We’d be very opening to directly importing DGL-LifeSci’s models in DeepChem! It might also be useful to write small wrapper classes wrapping DGL models in
TorchModel
for ease of benchmarking on MoleculeNet or interoperating with the rest of the DeepChem API. In general though, I’d love to see closer integration with DGL-LifeSci’s models. We’re both working on similar problems and better to join forces and bring more value to our communityThanks for your comments! These comments are really helpful for us.
The following comments are my personal opinion.
I agree. Before doing this, we need to refactor the present DeepChem’s graph models using GraphData class. I will work for this refactoring in this month. I seem the priority is high.
I think these feature can be achieved by refactoring the GraphData and the featurizer which is implemented for molecules. This makes our graph model support more general, so I will definitely try to implement. (I like the design of Protein Graph Library, so I will imitate the API design) I seem the priority is intermediate.

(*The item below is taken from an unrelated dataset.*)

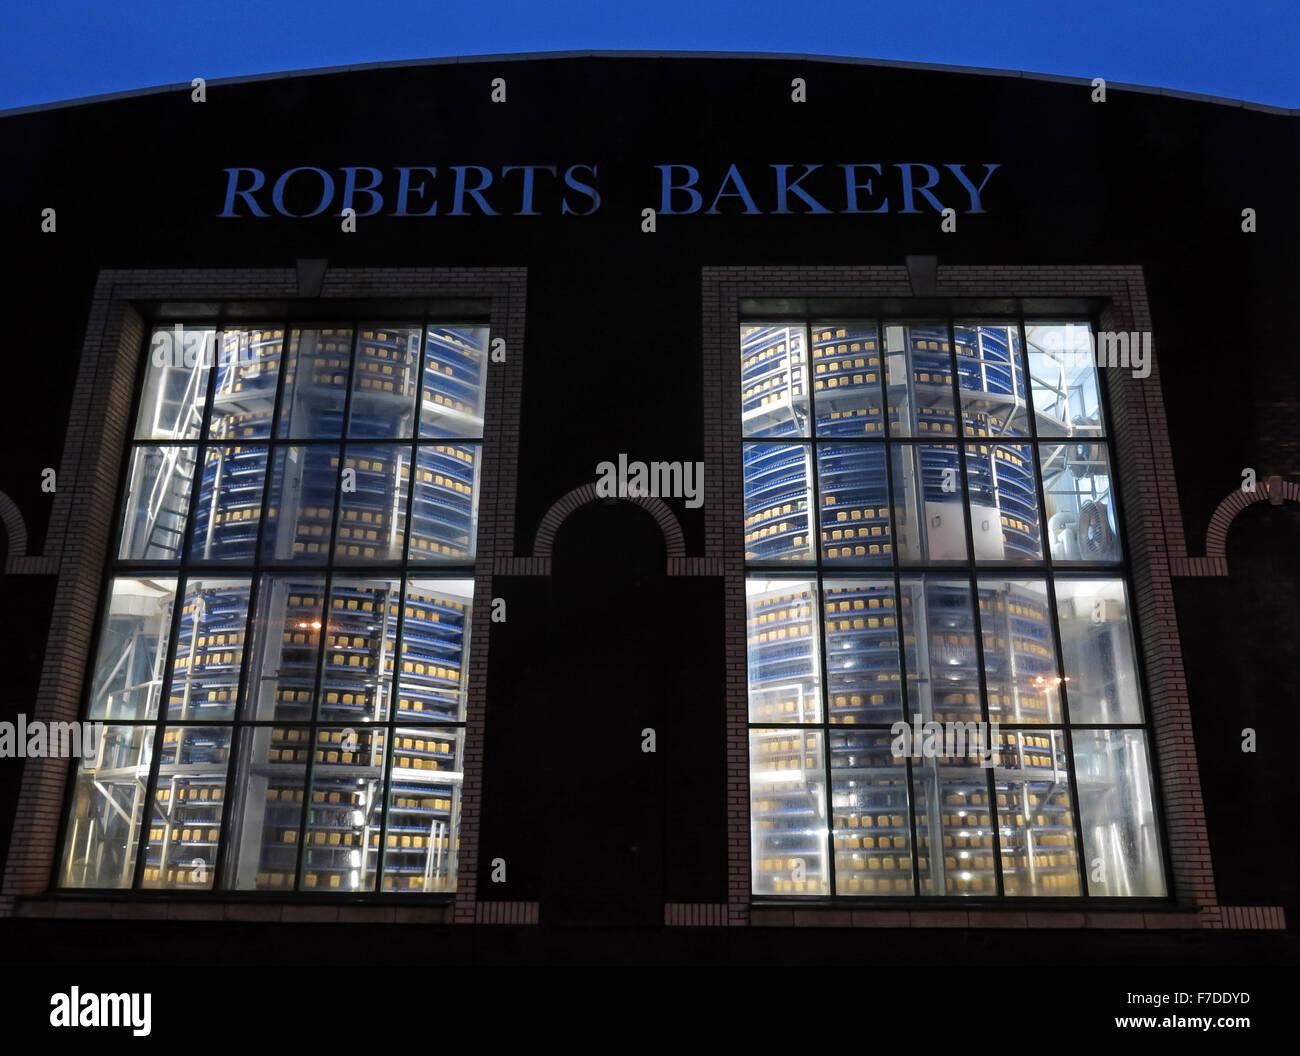 Laden Sie dieses Alamy Stockfoto Brot Kühler in Bäckerei Lebensmittel Fabrik, Northwich, Cheshire, England, UK - F7DDYD

To be honest, I also seem that this feature is basically out of scope. But, I’m interested in Molecule Attention Transformer. If we have a time, we will try to support. I seem the priority is low.
This is a working progress and highest priority task. Currently, I’m checking whether the model is working well with GPU or a large dataset. After finishing, I will add more details to deepchem docs.
I seem this is open. But, currently, it is impossible to use DGL-LifeSci models with no modification. How about @rbharath?